Well, I came back from NY and have more produce than I know what to do with. I have three full quarts of sugar snap peas (and that doesn’t count the ones I tossed because they were past prime and all the ones I ate while I harvested). Another quart of broccoli flowerets, a zucchini and a black zucchini and a ton of cucumbers. The little ones are for pickling, but I have like 9 slicing cucumbers. Any ideas on what to do with them out there? I’ll make my tomato, cucumber, free mozzerella salad, but I have even more cucumbers coming. Any good cucumber recipies out there??

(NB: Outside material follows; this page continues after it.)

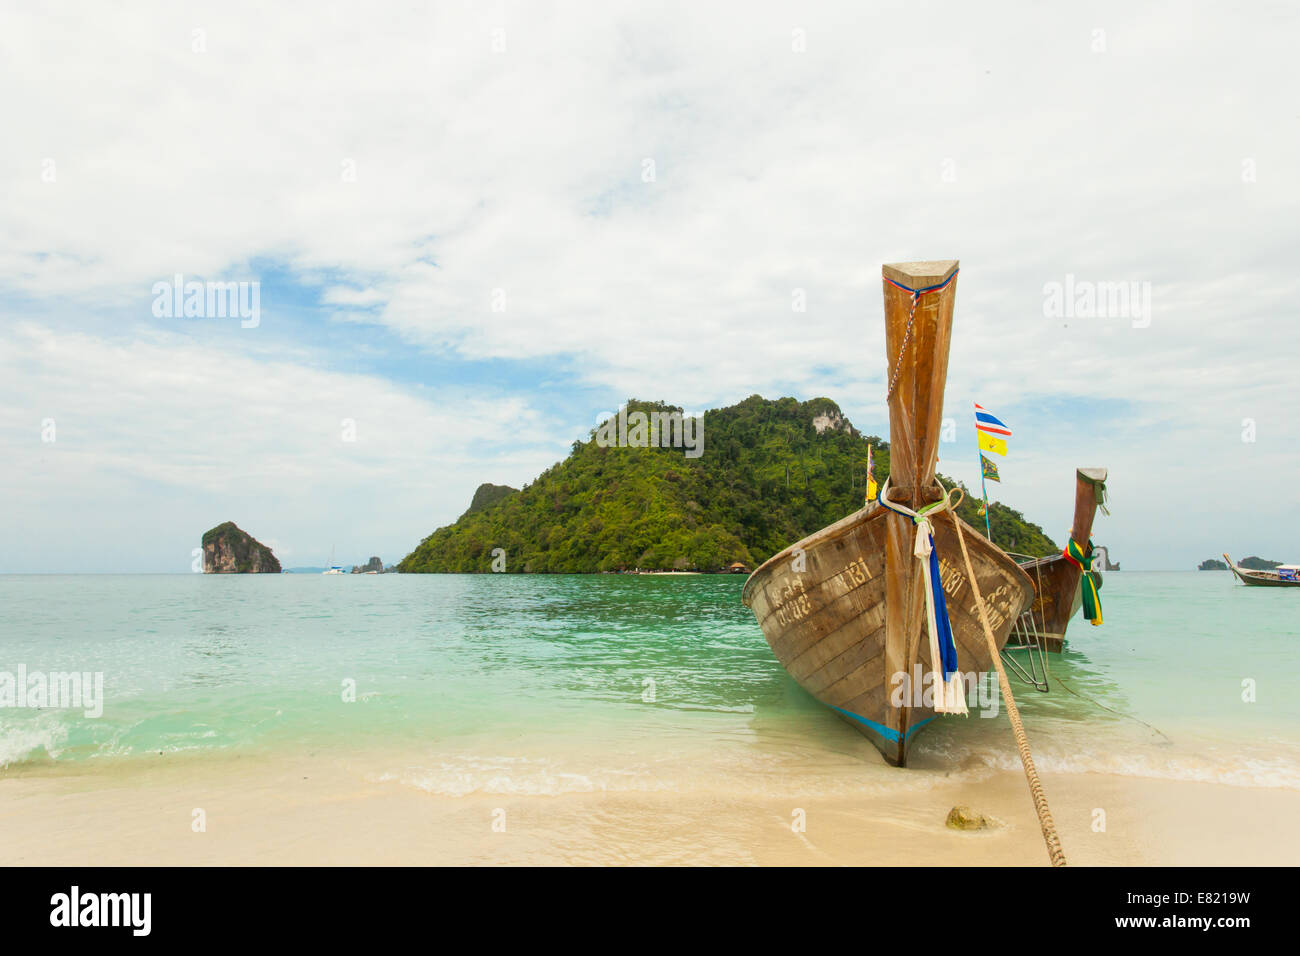 Tailandese tradizionale barca dalla coda lunga con isola thailandese in background Foto Stock

I ate my first ripe tomatoes, there are a few others almost ready. I have peppers almost ready to pick, beans won’t be too much longer either! I have the first showing of my pumpkins and watermelon as well, and picked my first zucchinis. It’s all growing really well, my sugar snap peas are about 7 feet tall!! My eggplants are blossoming, but no fruit showing yet.
I also picked a huge batch of raspberries at mom and dads and made more jam… the $3 I paid for my canning pot at a yard sale last year was WELL worth it!